Problem to solve ▸ The answer must be an exact reprint of the lines from the one with "Three people posing" through the final line of the data, with no pictures included.

*** Input data

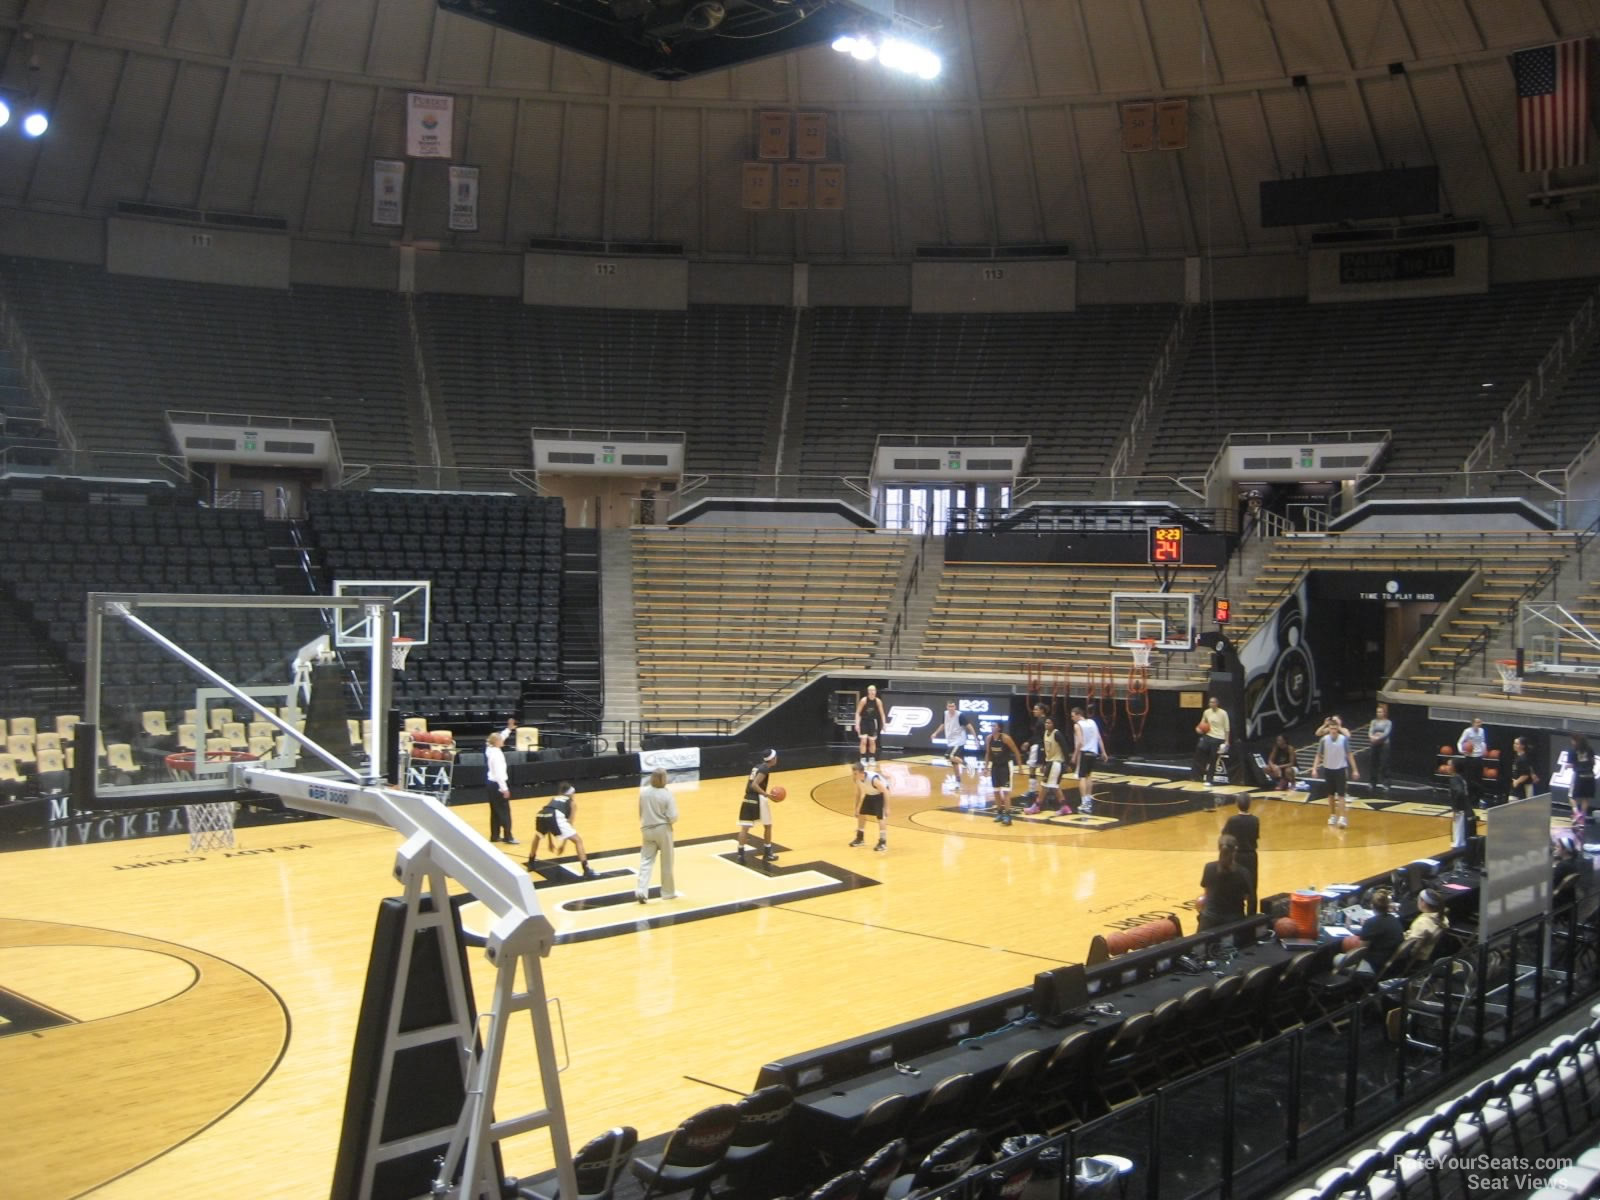 section 3, row 10 seat view  - mackey arena
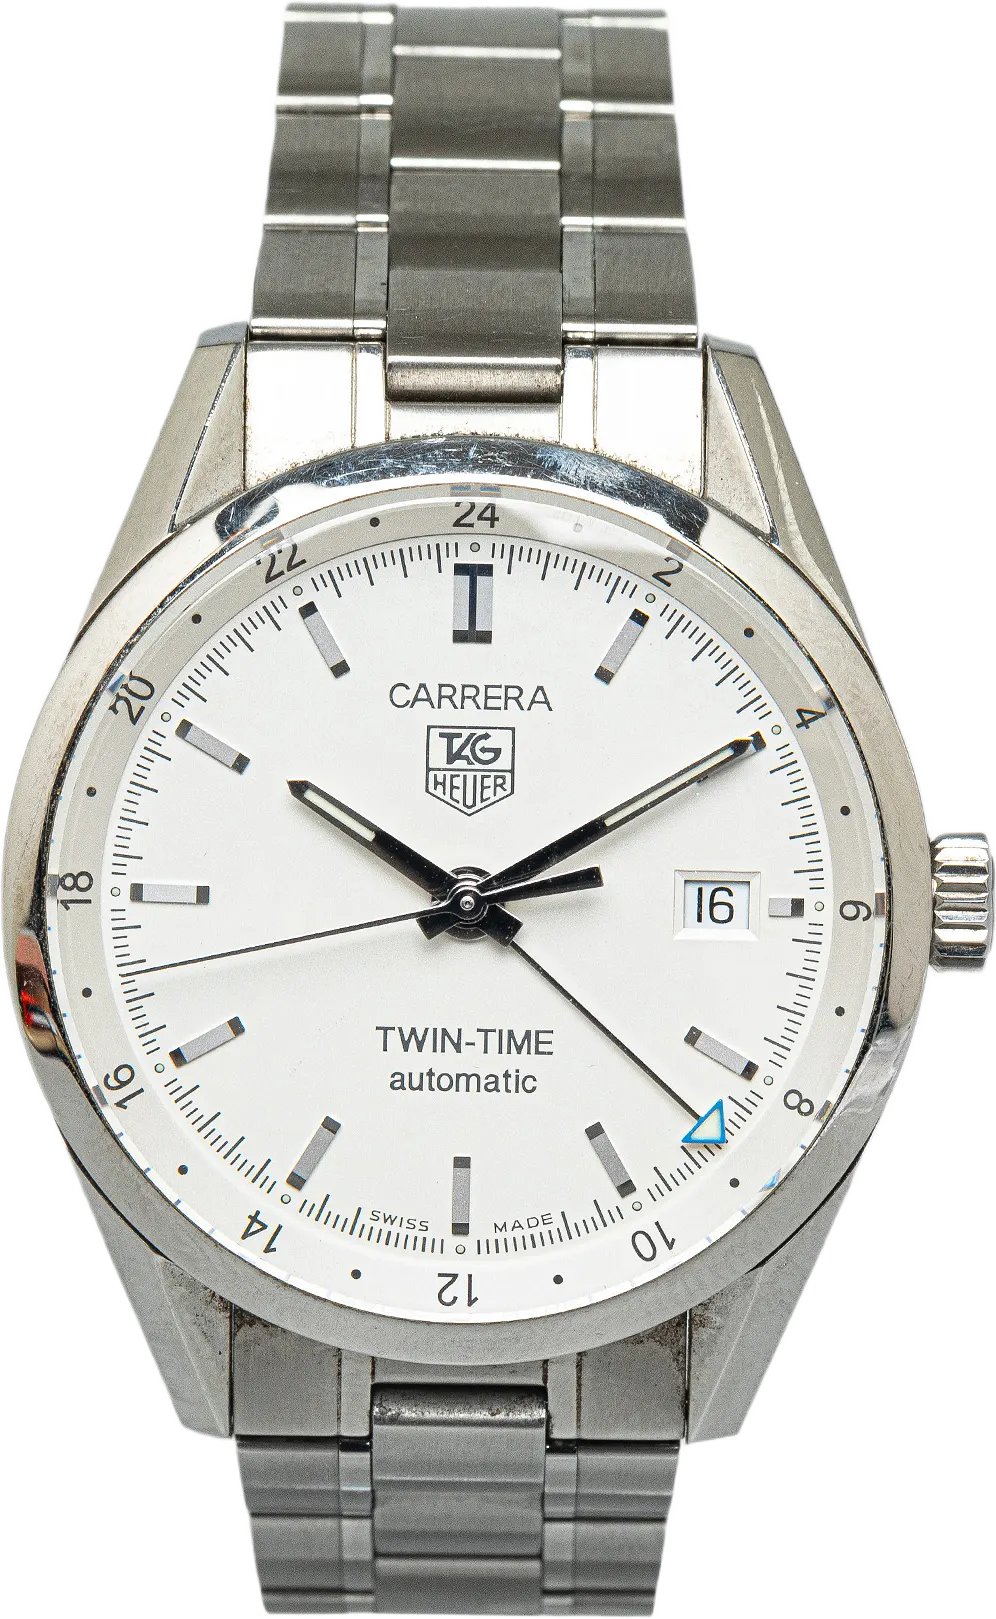 Tag Heuer Automatic Stainless Steel Carrera Twin-time Watch
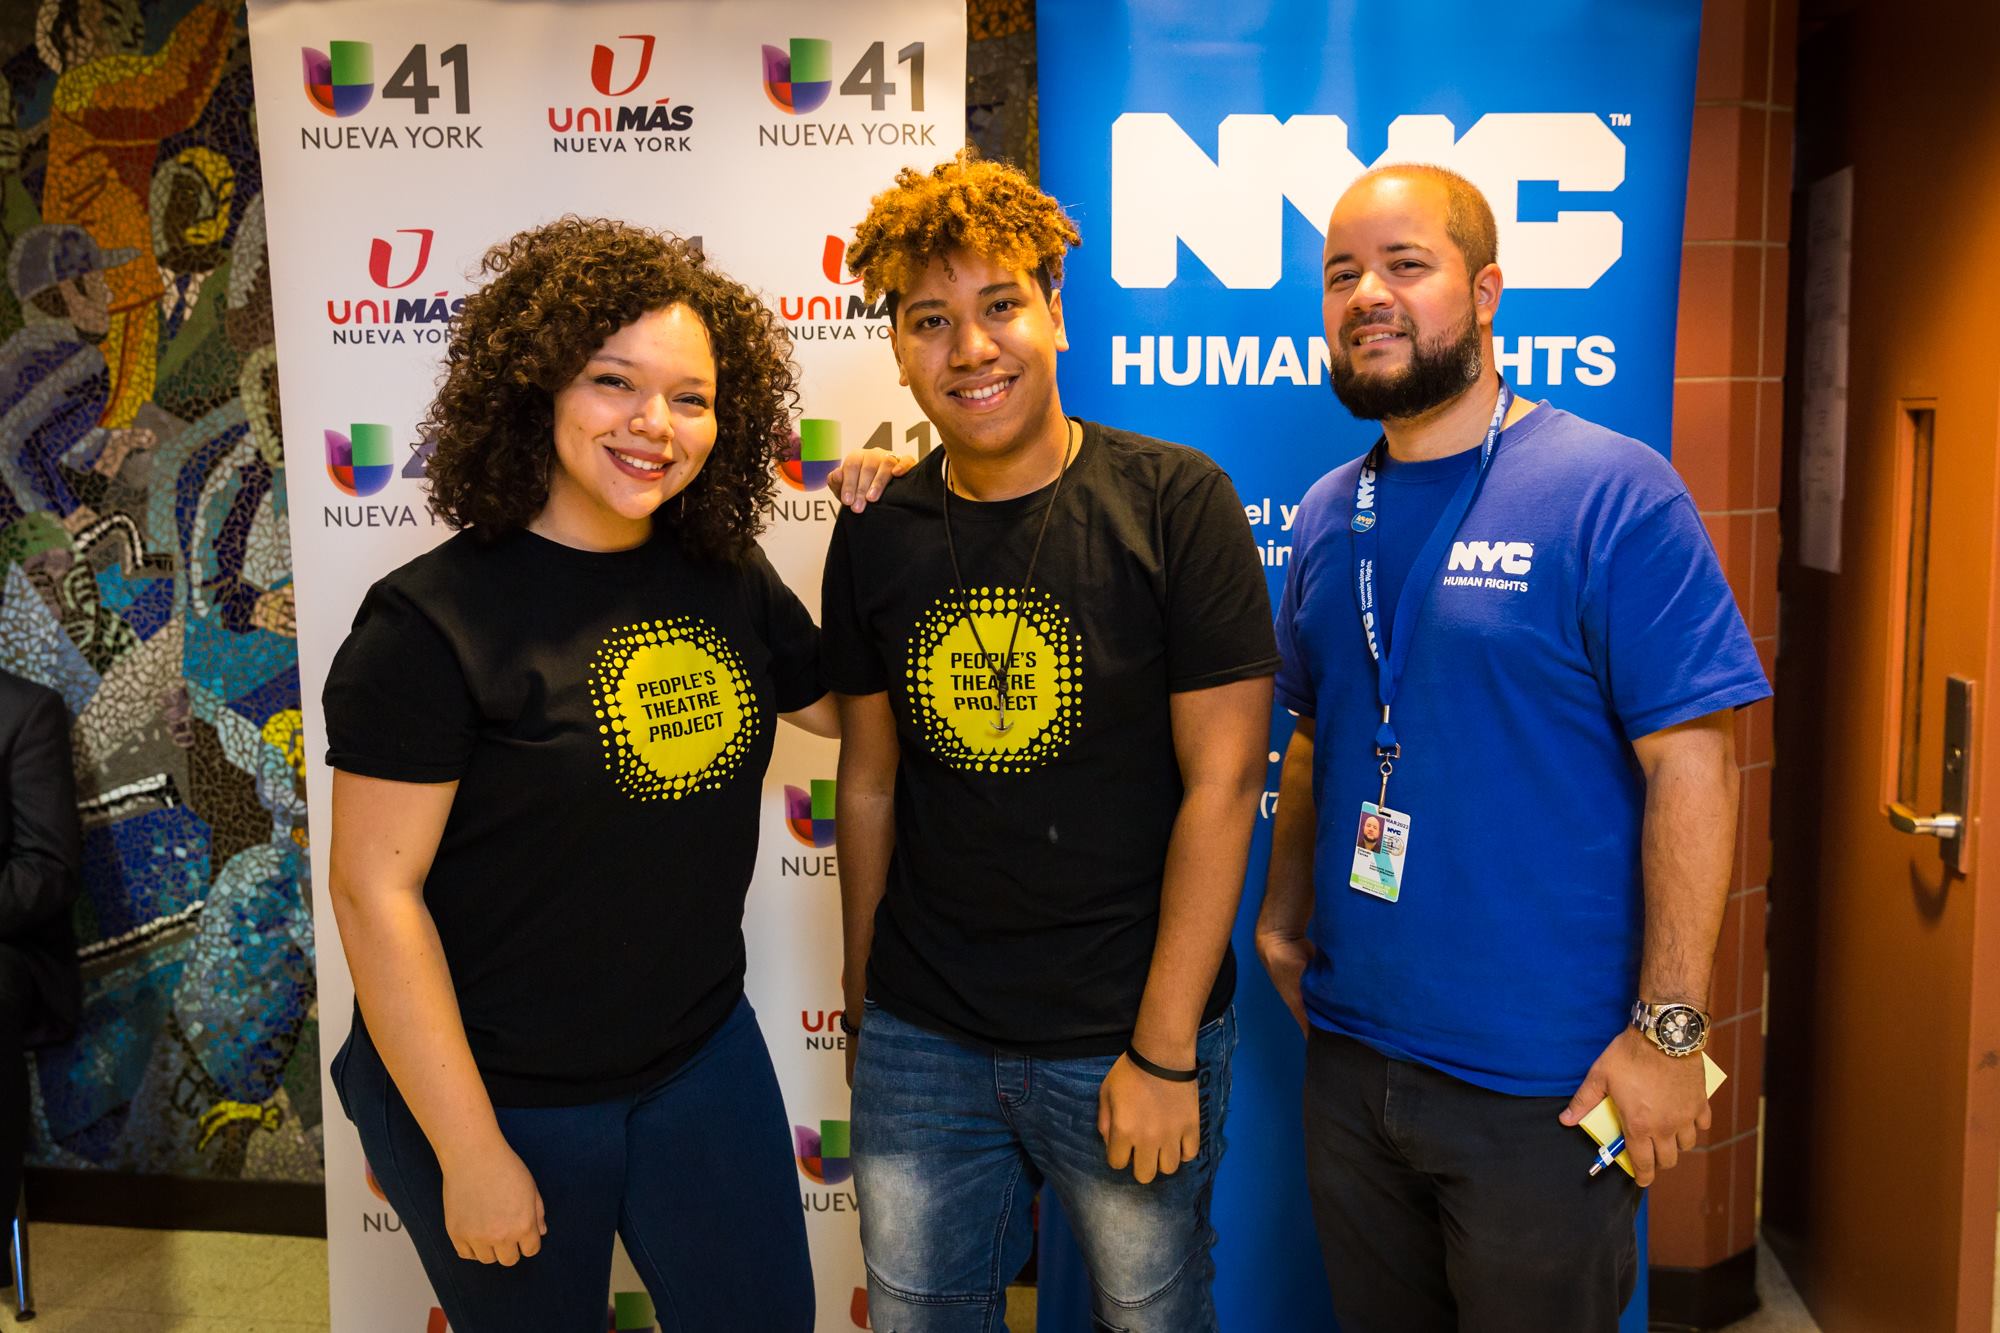 Three people posing for camera; two people are wearing “People’s Theater Project” t-shirts, and one person is wearing “NYC Human Rights” t-shirt.
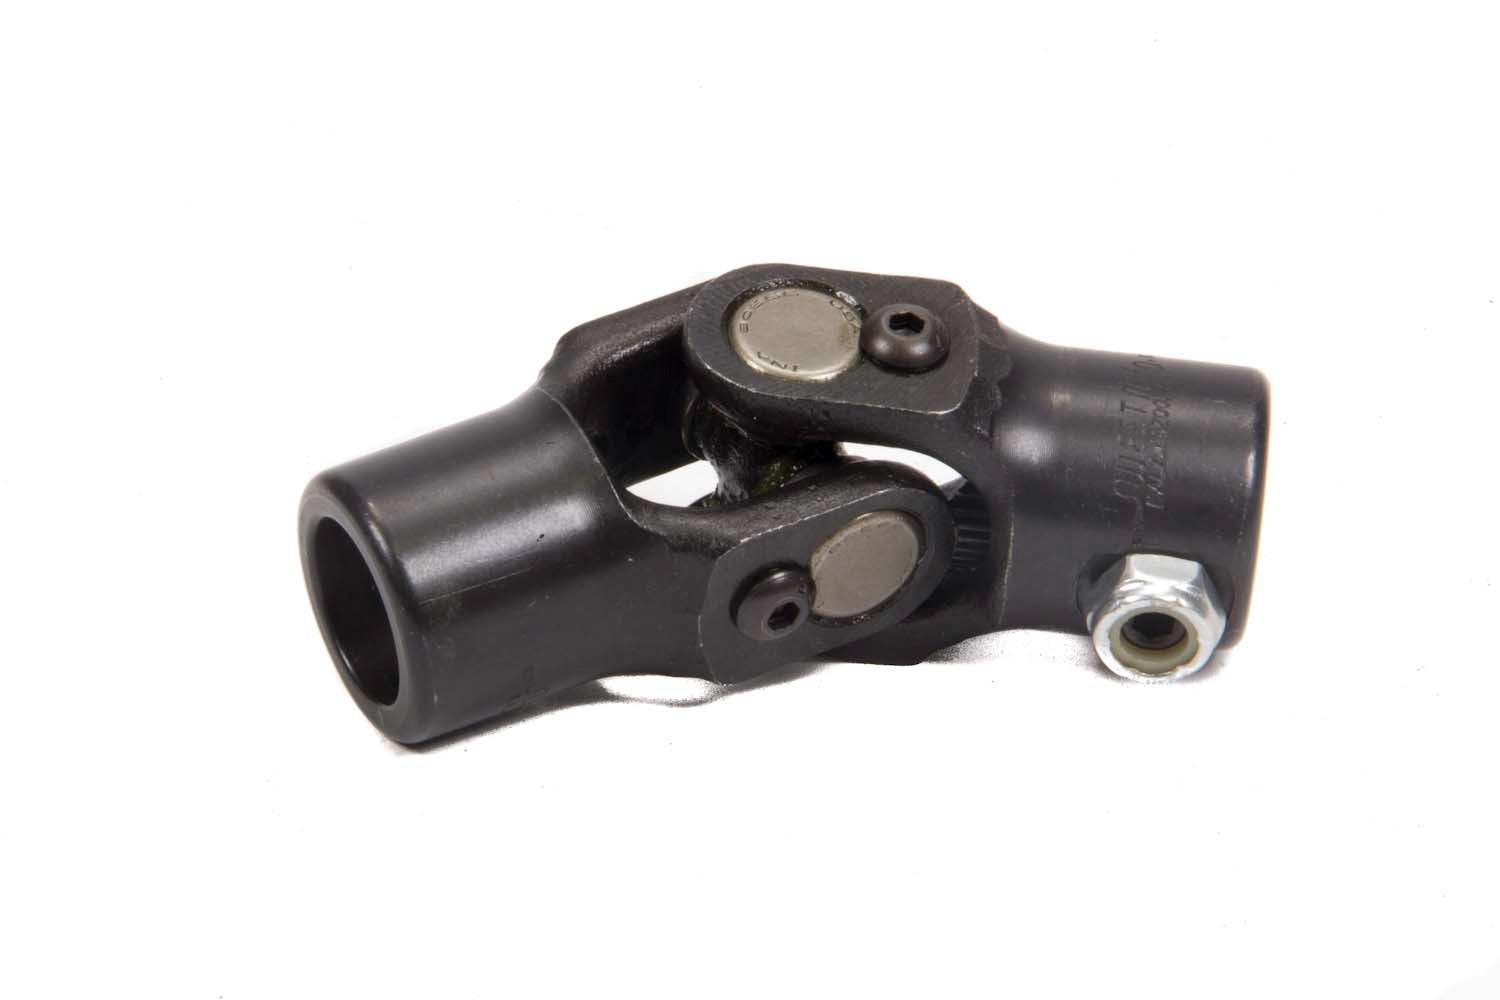 U-Joint 3/4inDDx 3/4inDD - Burlile Performance Products
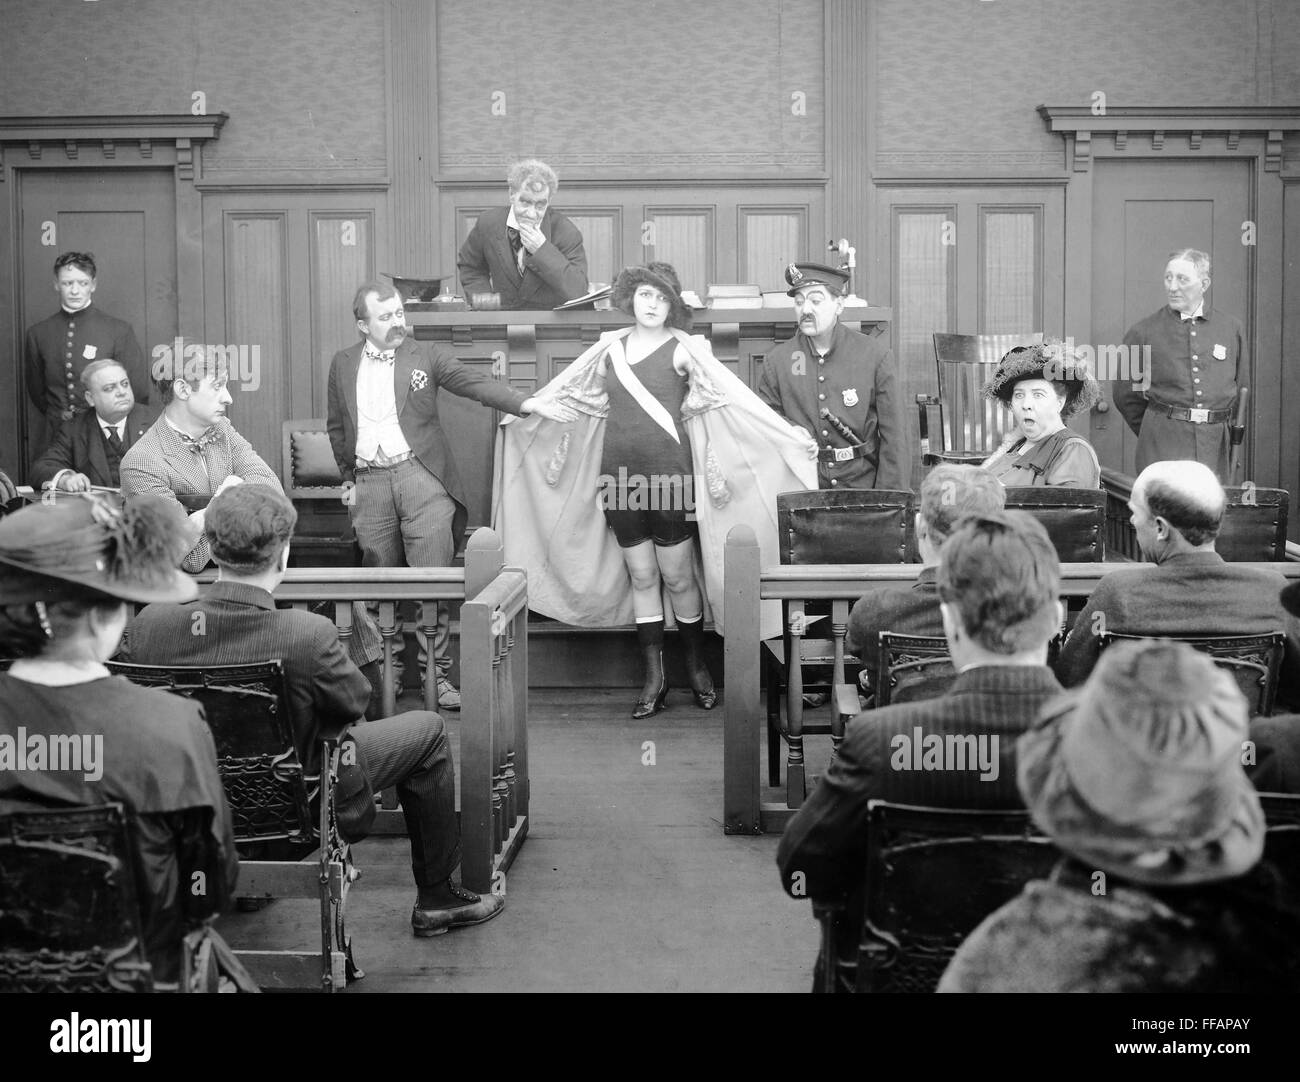 SILENT STILL: COURTROOM Stock Photo Alamy

******

Answer ▸
 Three people posing for camera; two people are wearing “People’s Theater Project” t-shirts, and one person is wearing “NYC Human Rights” t-shirt.
 U-Joint 3/4inDDx 3/4inDD - Burlile Performance Products
 SILENT STILL: COURTROOM Stock Photo Alamy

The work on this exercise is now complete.